I plan to start the Overall Sam afghan this week. This is a pattern by Annie's Attic. However I do not like the black background. I would love suggestions.

This is for a seven year old little boy. I am going to make the Sunbonnet Sue with a white background but I do not think that will work for a boy.

Thank you,

Terri


----------



## WJMartin (Nov 2, 2011)

I'm doing a pinwheel quilt for a boy that shows a black background, I'm changing it to a light yellow, partly because I had a great piece in my stash but also because yellow is a happy color. Green is a color my grandsons have choosen for their "I Spy" quilts and it has worked well with other colors.


----------



## KentuckyDreamer (Jan 20, 2012)

WJMartin, I will try the pale yellow or possibly light green The aggravation is each square is a little boy in differing color coveralls. I just think the black is overpowering.

Thank you for the suggestion, my mind just shut down.


----------



## GrannyG (Mar 26, 2005)

I am thinking that when you say afghan you mean knit ? If not, check out some of the blocks I have pinned on my board at Pinterest....Overall Sam and Sunbonnet Sue are my favorites, but they are applique quilted....make cute holiday ornaments as well....
Quilt Loves


----------



## KentuckyDreamer (Jan 20, 2012)

GrannyG I plan to crochet the afghans. Many years ago I made the Sunbonnet Sue with the black backgryound for my niece. Now, I just do not want the black. 

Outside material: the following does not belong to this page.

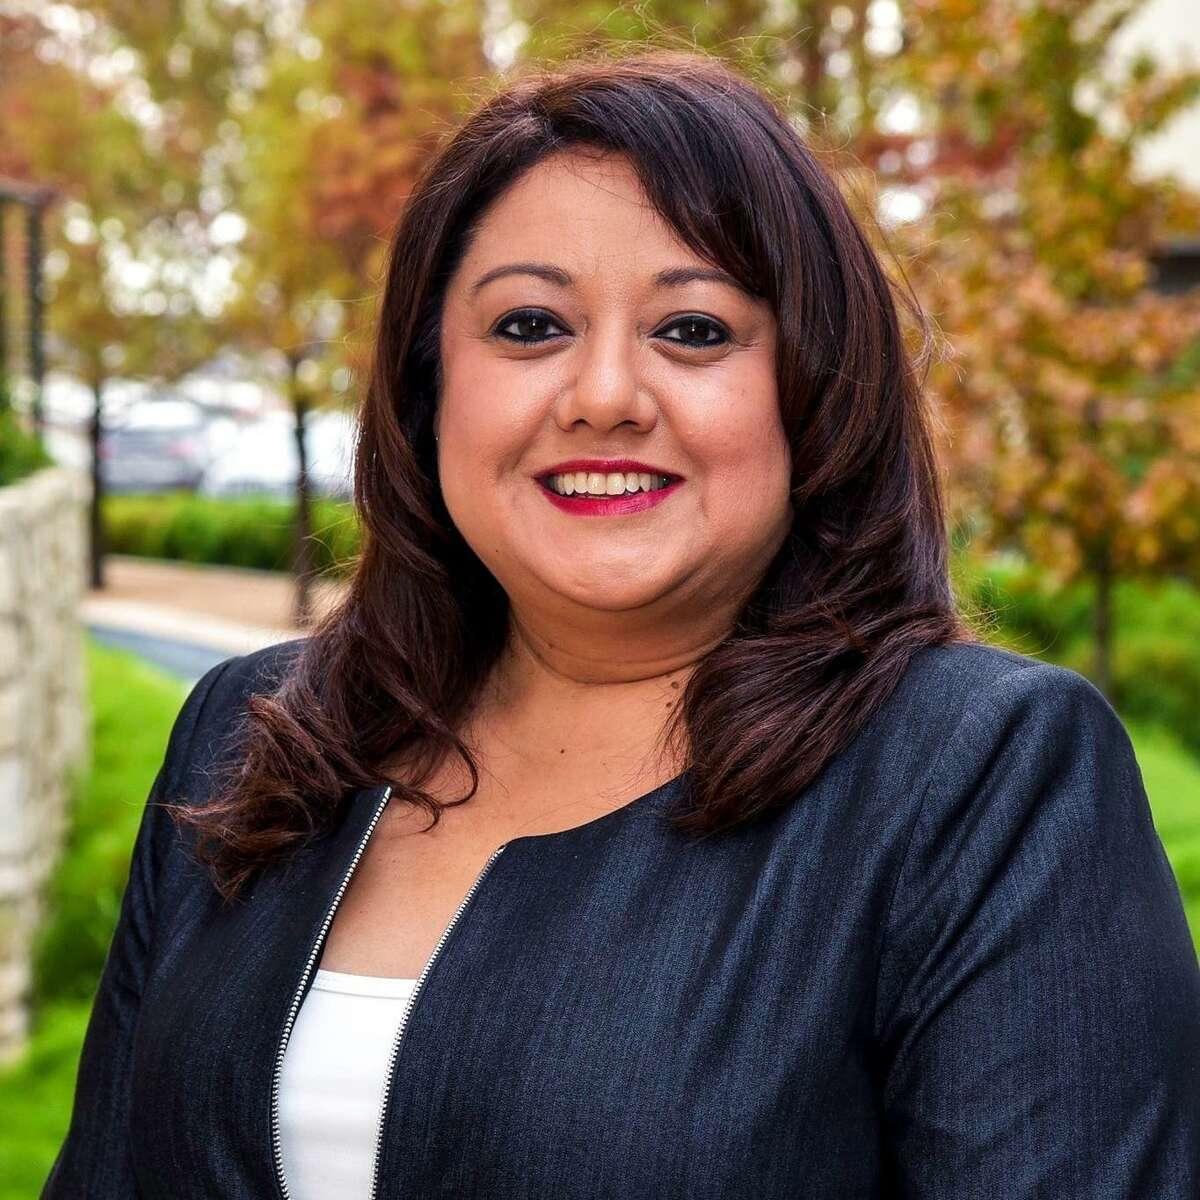 Monica Ramirez Alcantara, candidate for Bexar County Democratic Party Chair.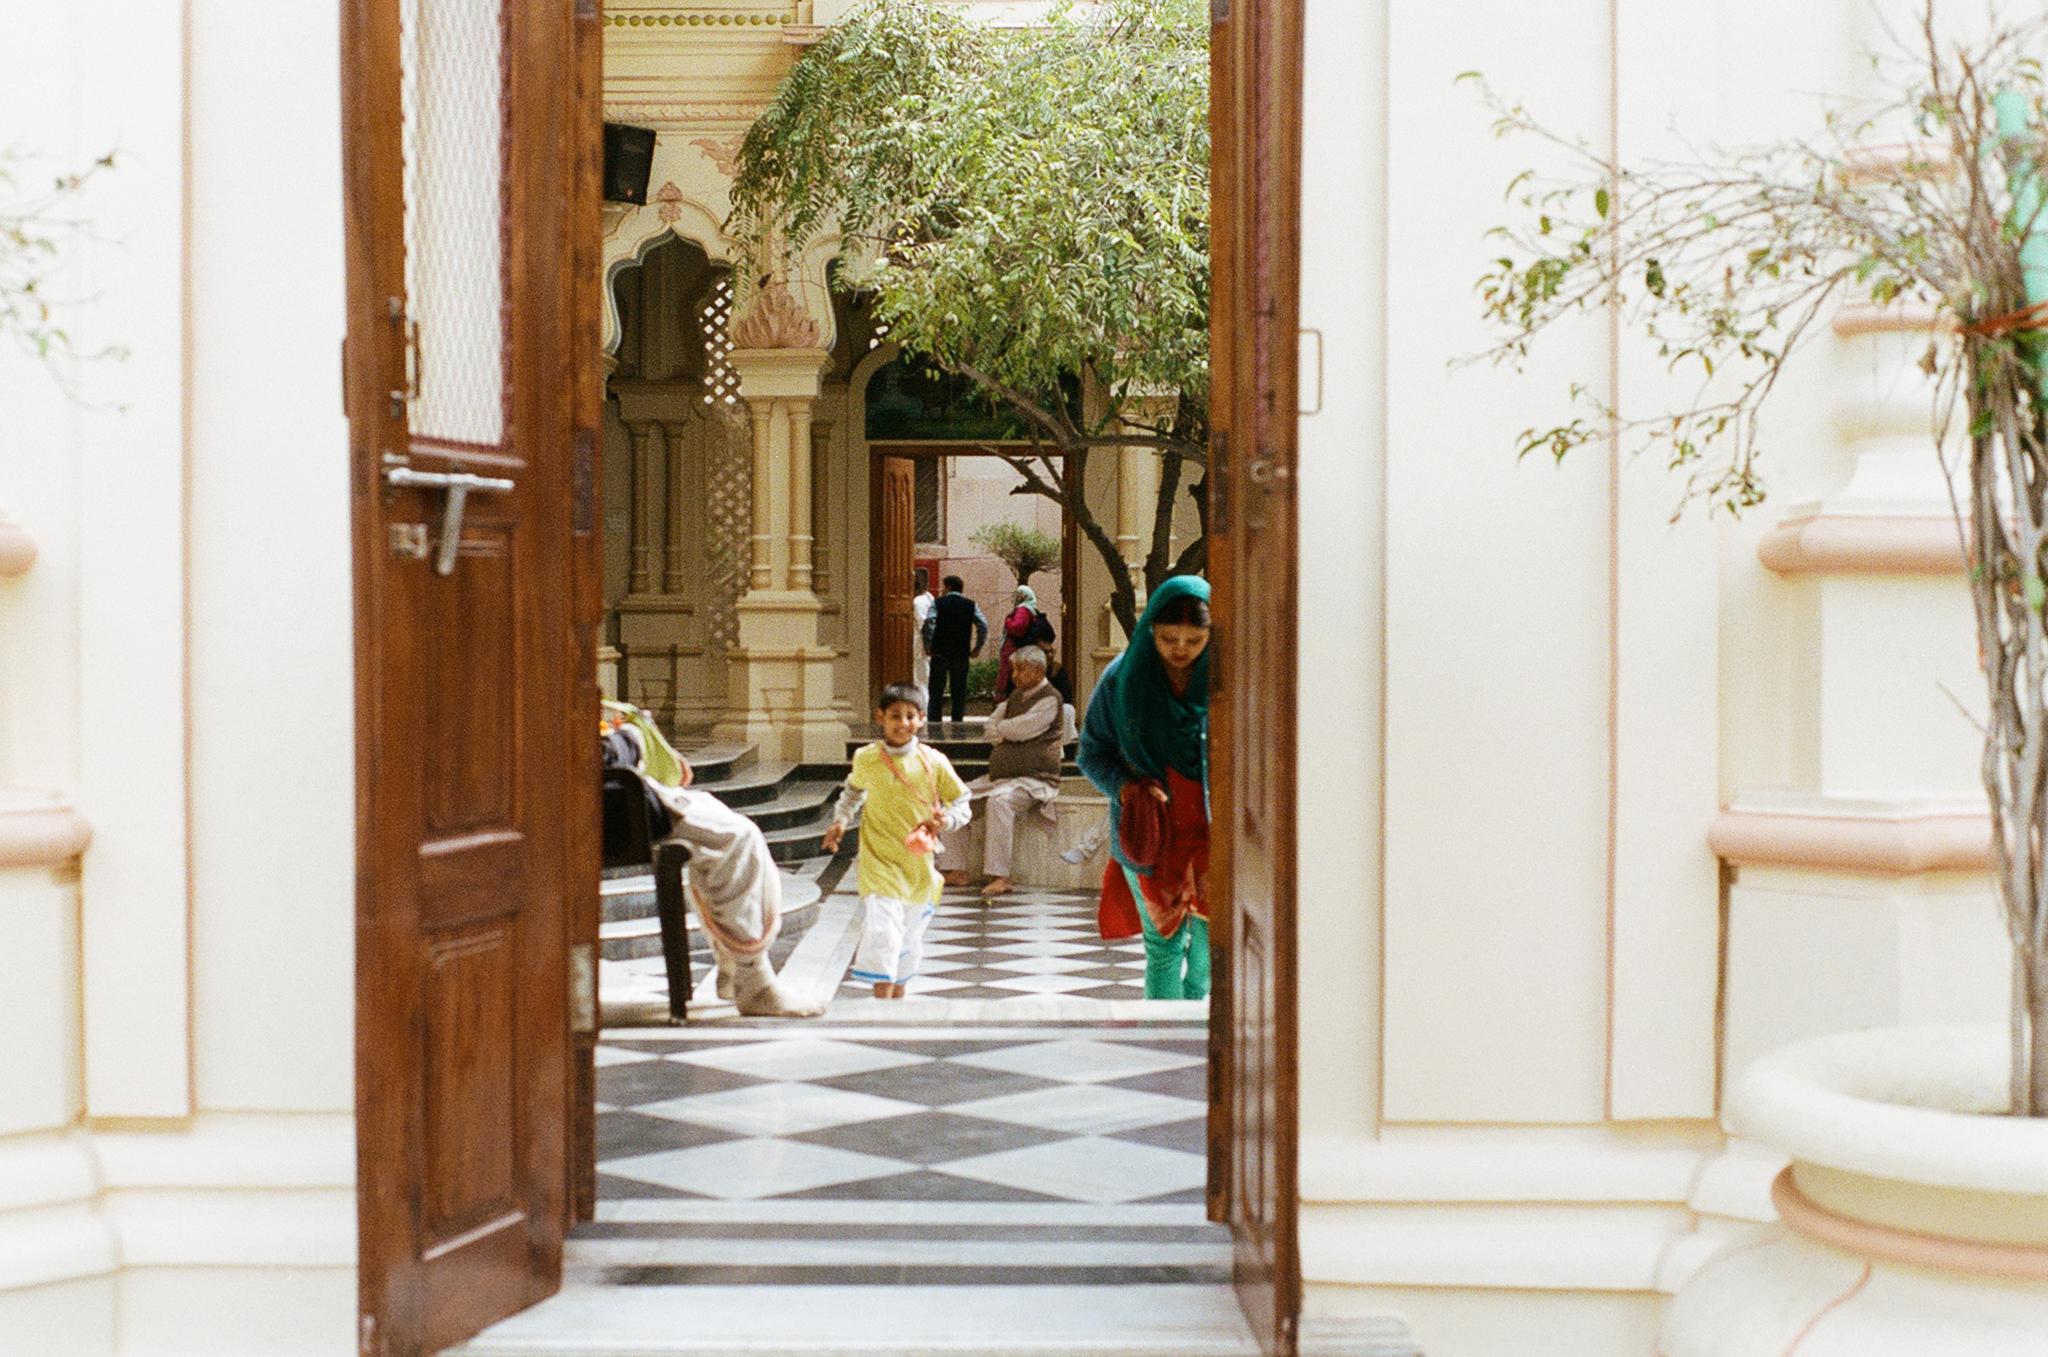 Vrindavan India Travel Street Photography (15 of 27).jpg

I think I am going to make two squares, one with yellow and one with light green, and use them as pillows. Then, if one looks great, that is what I will use for the entire afghan.


----------



## cc (Jun 4, 2006)

You have to post pictures of the blocks when you get them done, I can't figure out how you could knit or crochet a Sunbonnet Sue or Overall Sam but I don't do much knitting or crocheting so any kind of picture designs just fascinate me, solid colors I can handle. I am working on a Sunbonnet Sue quilt, I just finished the blocks but now have to figure out how I want to lay them out.


----------



## KentuckyDreamer (Jan 20, 2012)

CC
If you google sunbonnet sue crochet or overall sam crochet you will see the afghans. They are time consuming. Let me know what you think if you see them.


----------



## KentuckyDreamer (Jan 20, 2012)

I cannot figure out how to post photos here.


----------